Would you print the listing that follows exactly, but without its pictures?

Available data:
========
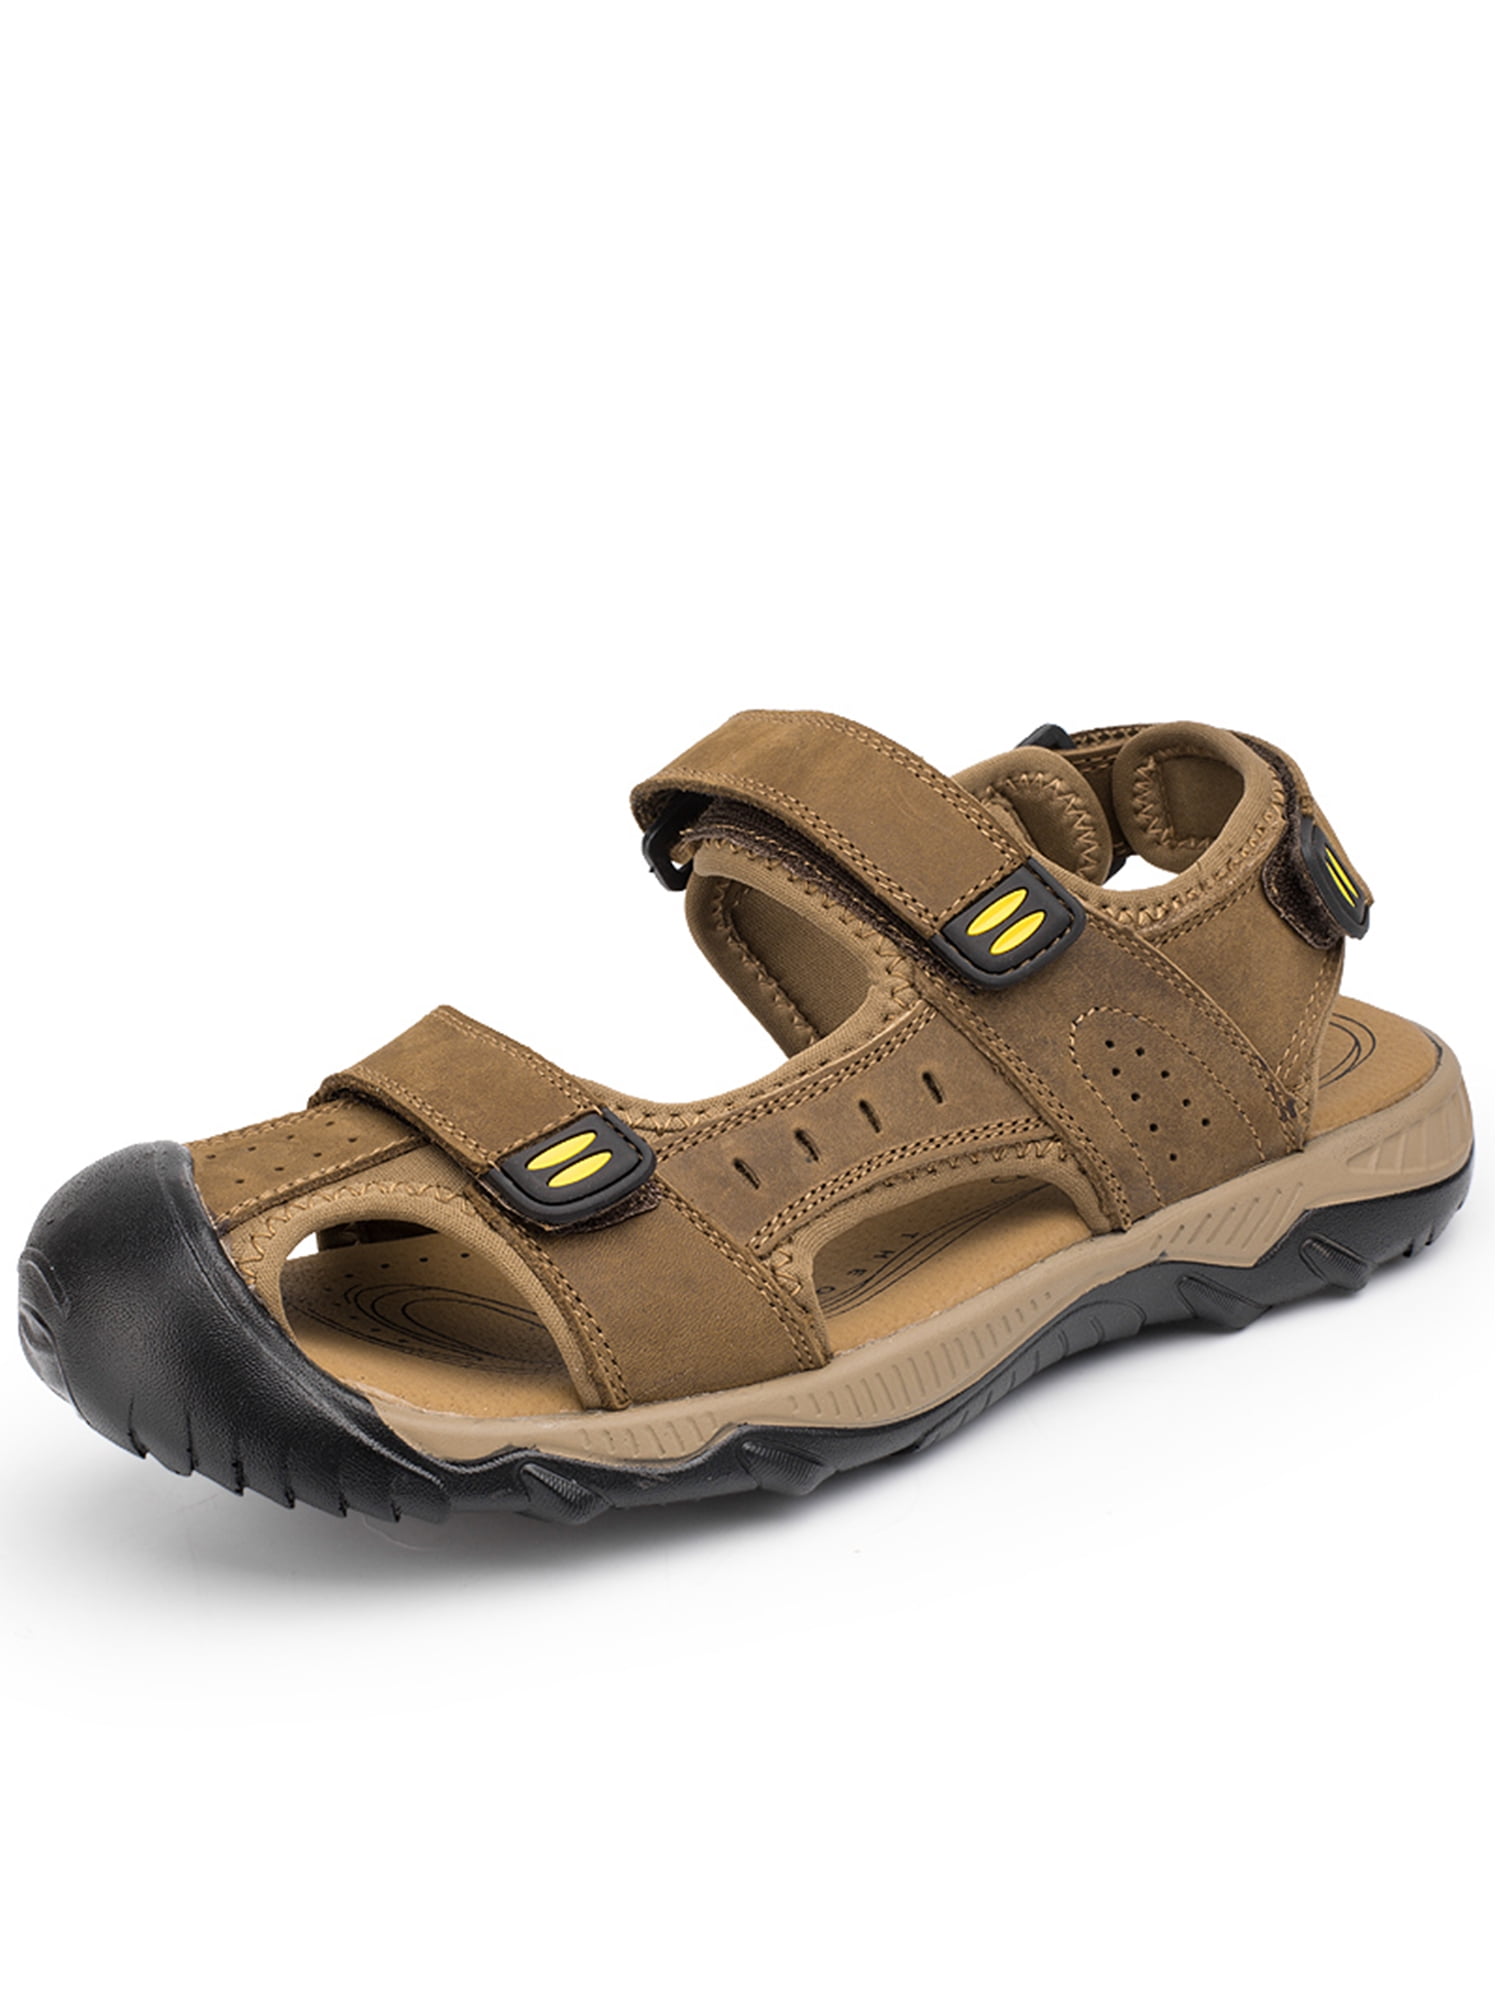 visionreast Mens Outdoor Sport Sandals Closed-Toe Leather Summer Beach Sandals with Velcro,Hiking/Walking/Fishing
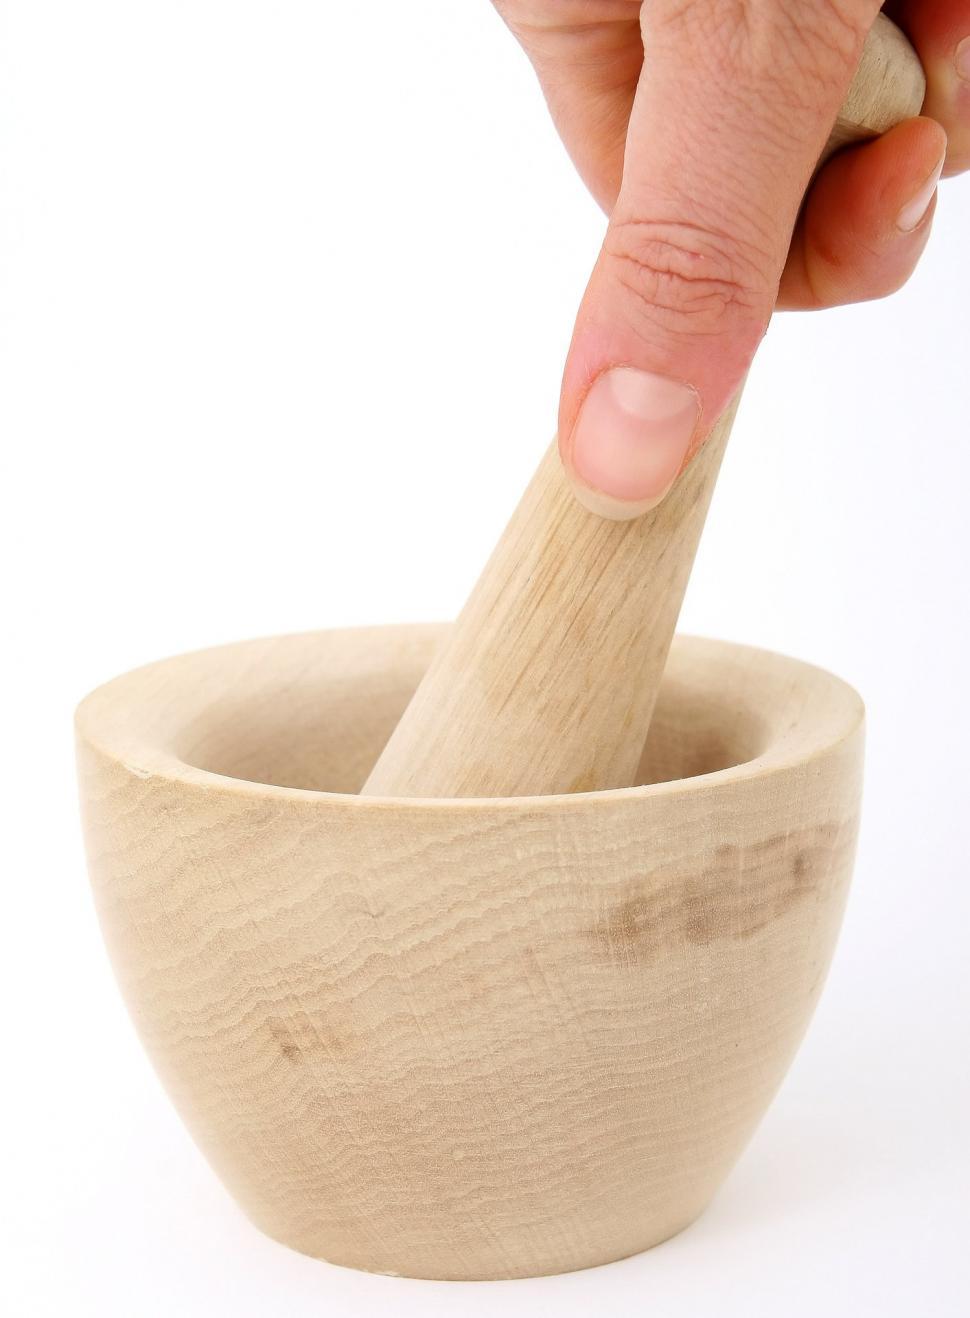 Free Image of Wooden Mortar Bowl With Wooden Spoon 
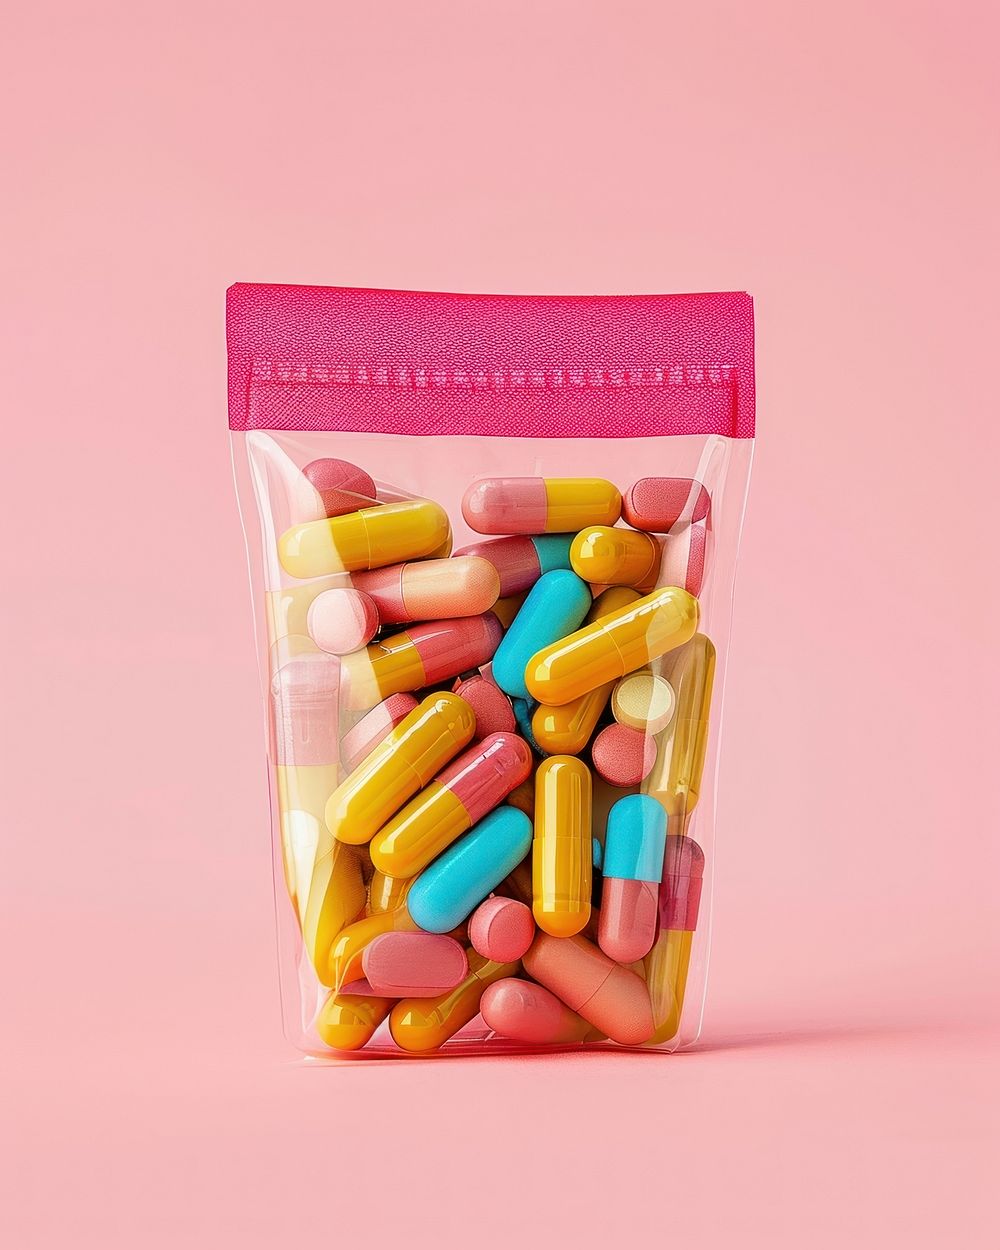 Pill white background confectionery medication.
========
Response:
 visionreast Mens Outdoor Sport Sandals Closed-Toe Leather Summer Beach Sandals with Velcro,Hiking/Walking/Fishing
 Free Image of Wooden Mortar Bowl With Wooden Spoon 
 Pill white background confectionery medication.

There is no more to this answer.